Search code examples
phparchivefopenwinrar

Force opening and reading zip files from php


This may be a simple question or a pretty complex one, ill let you be the deciders.

Using PHP To open a zip file, extract the files to a directory and close the zip file is not a complicated class to make.

But lets say that the file is not a zip, but yet is able to be read by WinRar, examples of these files are like exe's SFX archives etc.

What factors do all these files have in conmen to allow WinRar to browse the source of them.

Another example is Anti Virus Software, that individually scan files within an EXE ?

So what an example:

$handle = fopen("an_unknown_file.abc", "rb");
while (!feof($handle))
{
    //What generic code could I use to determain weather the file can be extracted ?
}
fclose($handle);

Regards.


Solution

  • Zip's specifications allow the actual "zip" file portion to be embedded ANYWHERE within a file. It doesn't necessarily have to start at position '0' in the file. This is how self-extracting zips work. It's a small .exe stub program which has a larger .zip file appended to the end of it.

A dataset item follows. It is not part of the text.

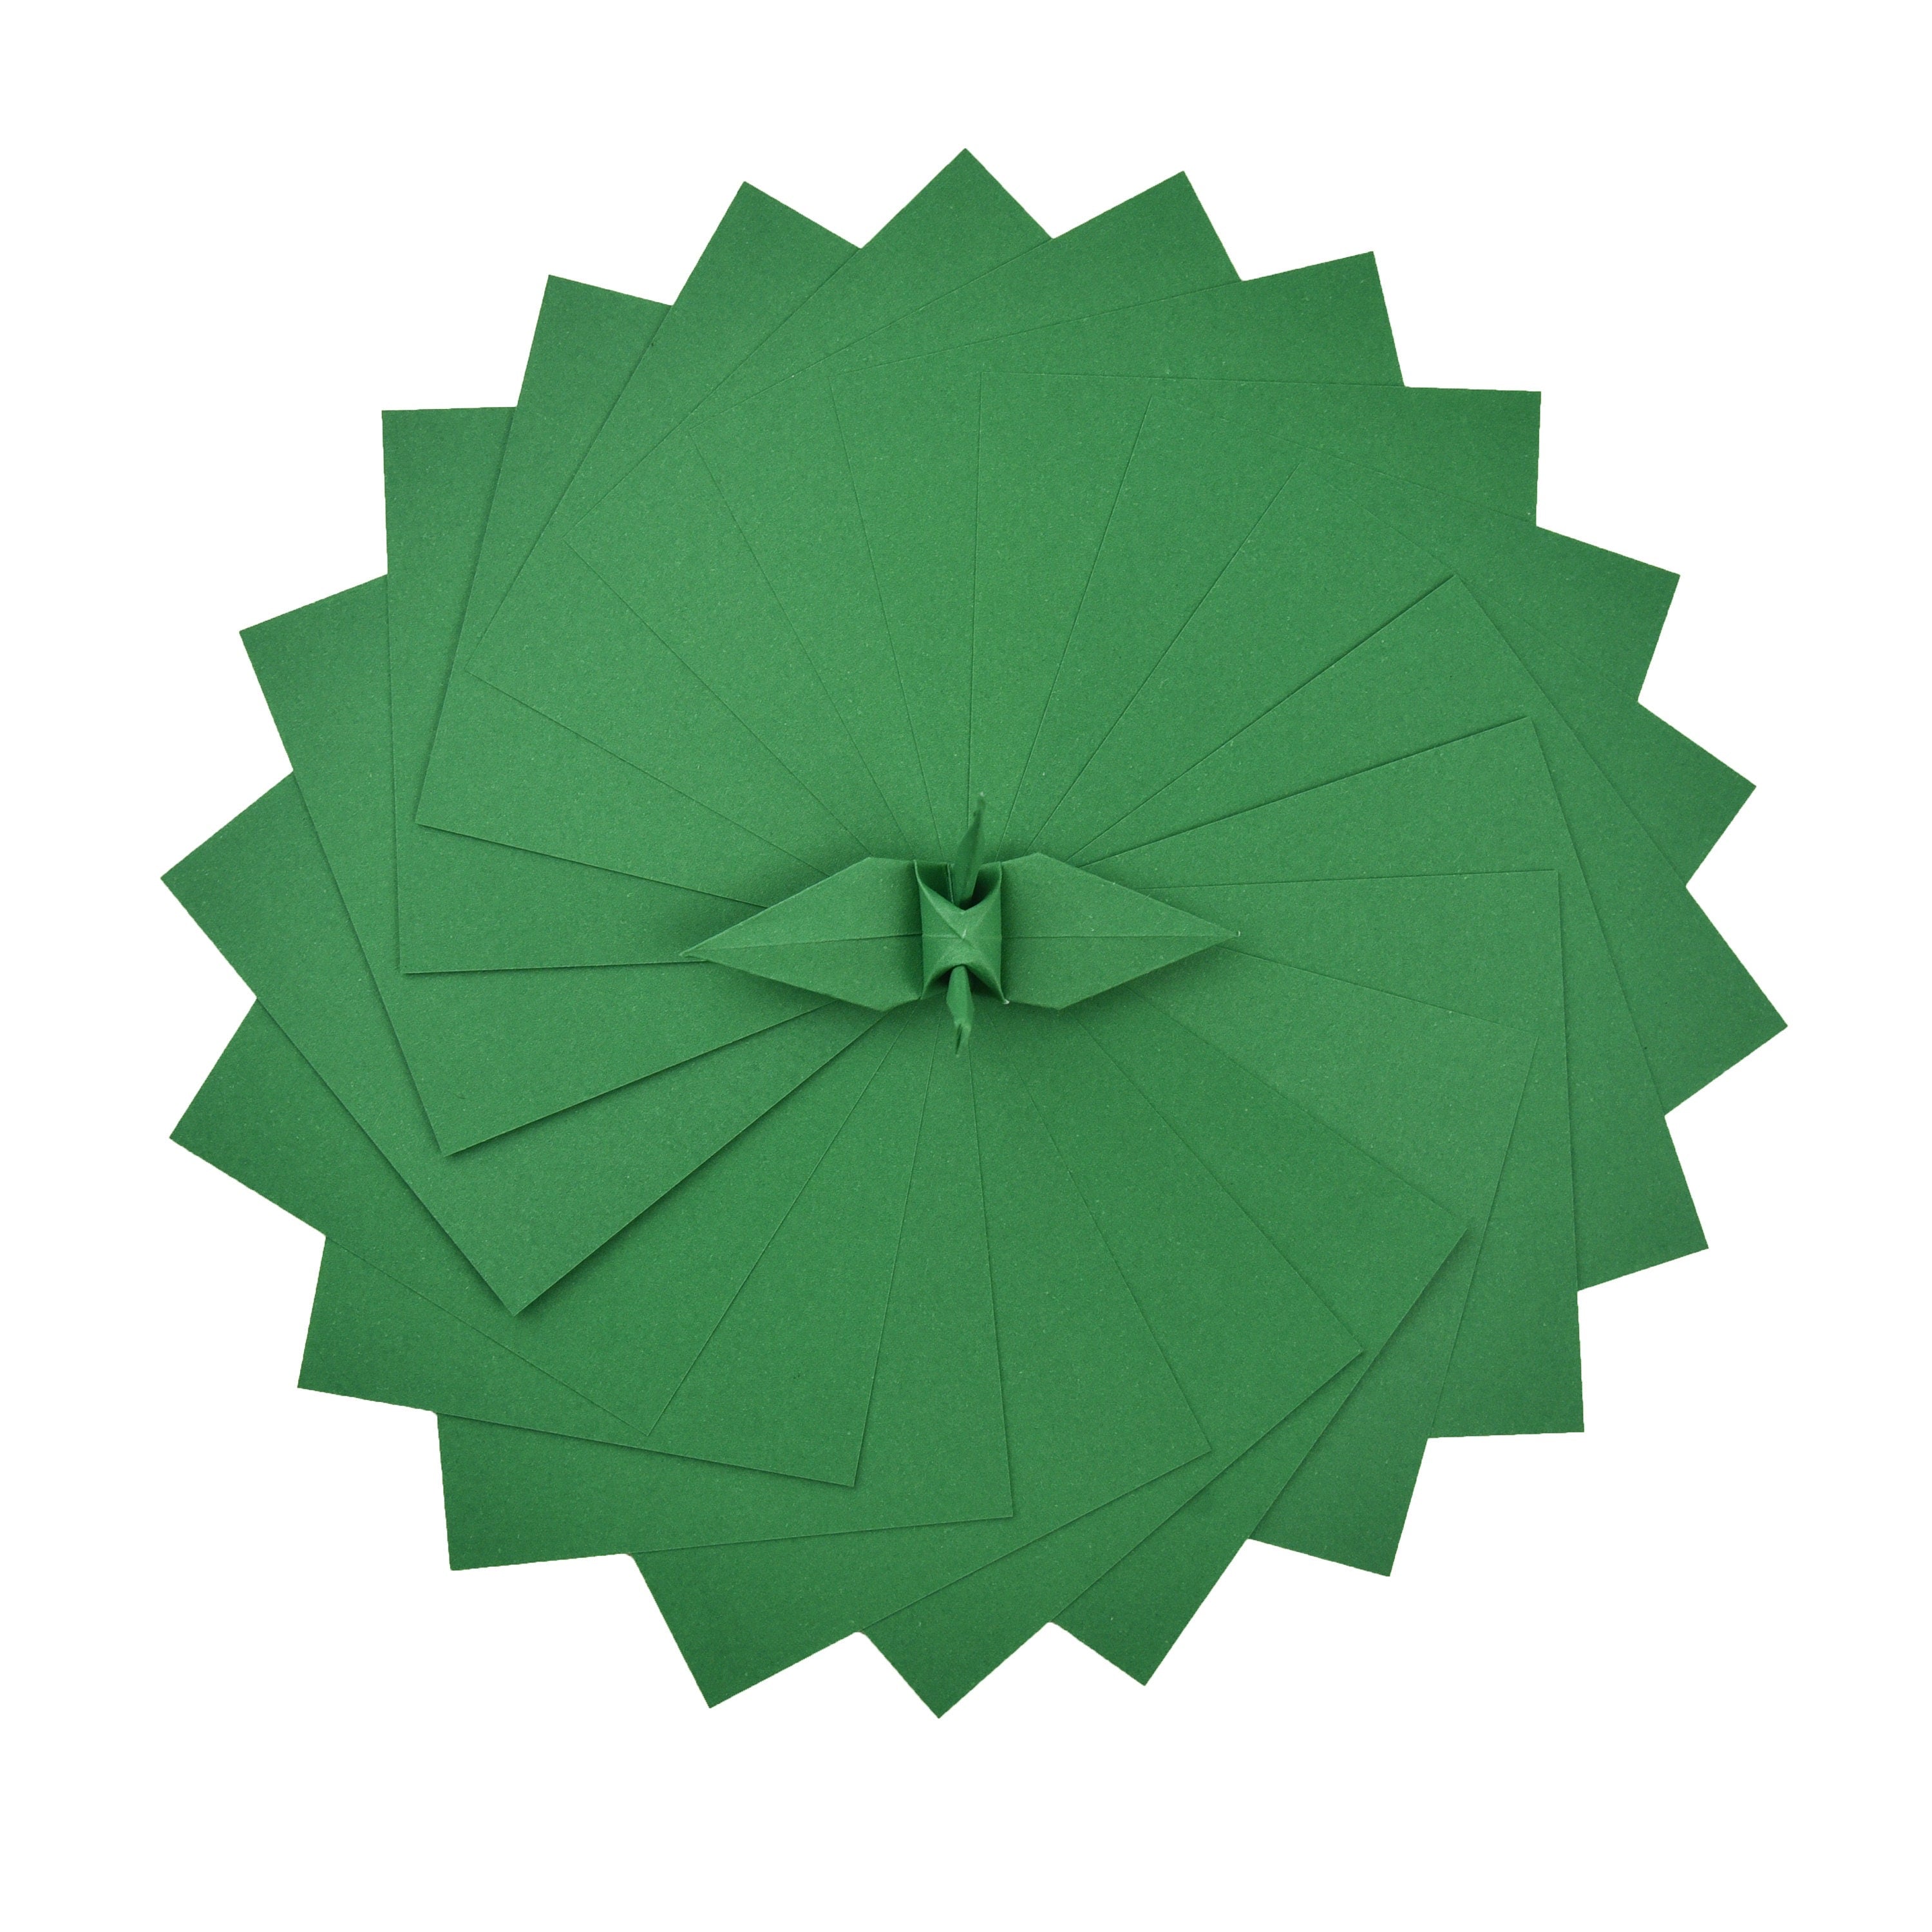 100 hojas de papel GreenOrigami - 6x6 pulgadas - Paquete de papel cuadrado para plegado, grullas de origami y decoración - S24

    Finding a zip is mostly a matter of scanning for a zip file's "magic number" within a file, then doing a few heuristics to determine if it's really a zip file, or just something random that happens to contain a zip's magic number.

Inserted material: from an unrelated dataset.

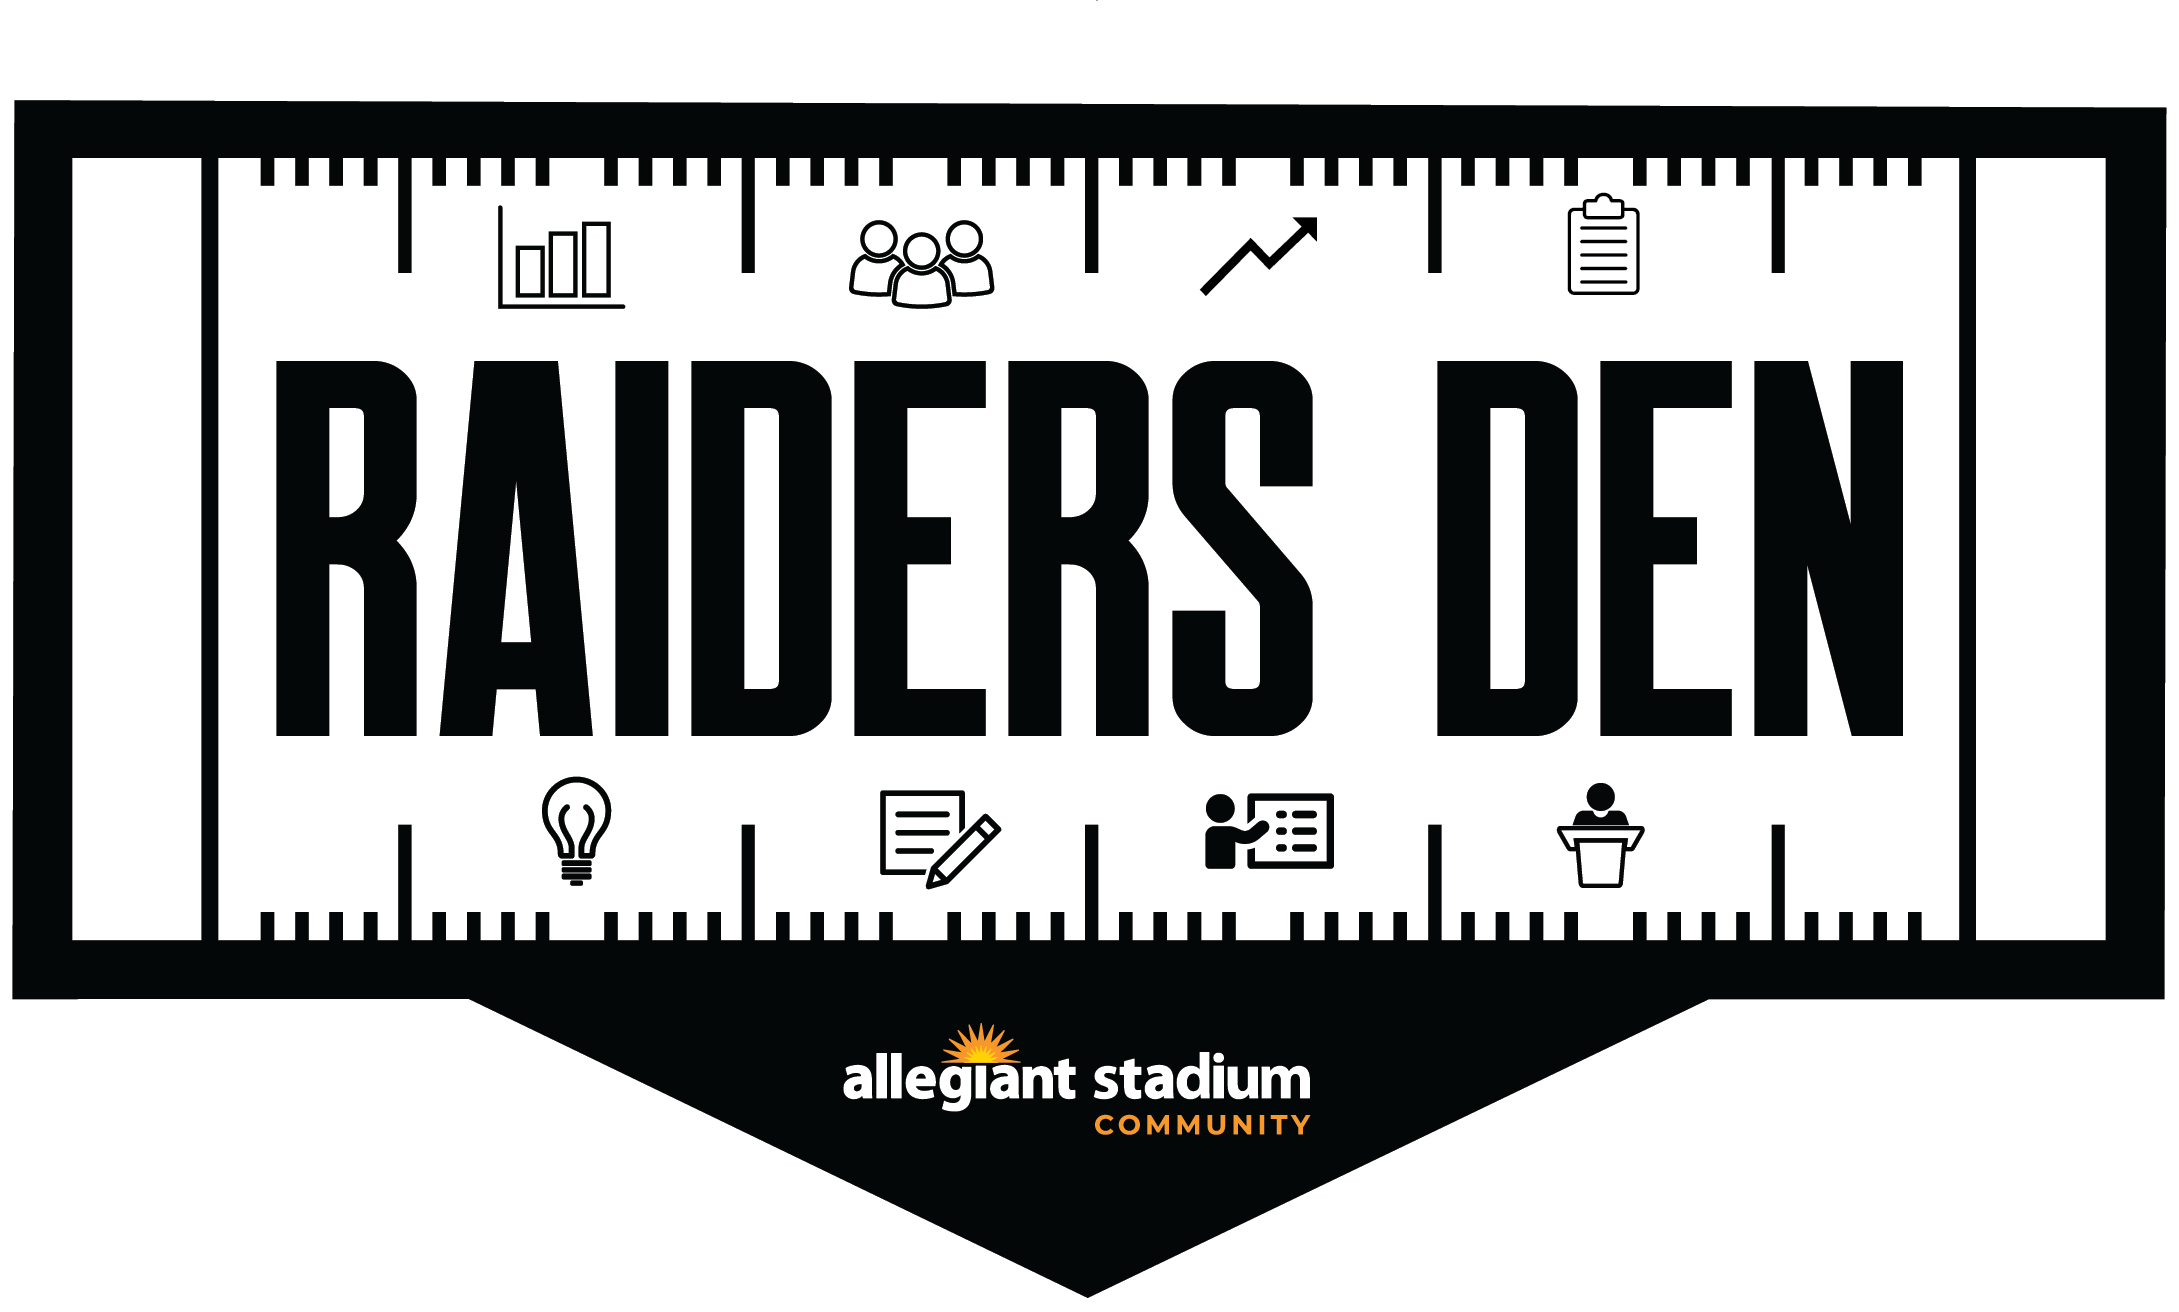 More Info for Allegiant Stadium announces Raiders Den Community Program

    A .docx file is really just a .zip that contains various XML files representing a Word file's contents. Just like a .jar is a zip file that contains various different chunks of Java code.

    Winrar's got a bunch of extra code within it to scan through a file and look for any identifiable "this is a compress archive" type signatures, one of which happens to be that of a zip file's.

    There's nothing too magical about it. It's just a matter of scanning through a file and looking for signatures.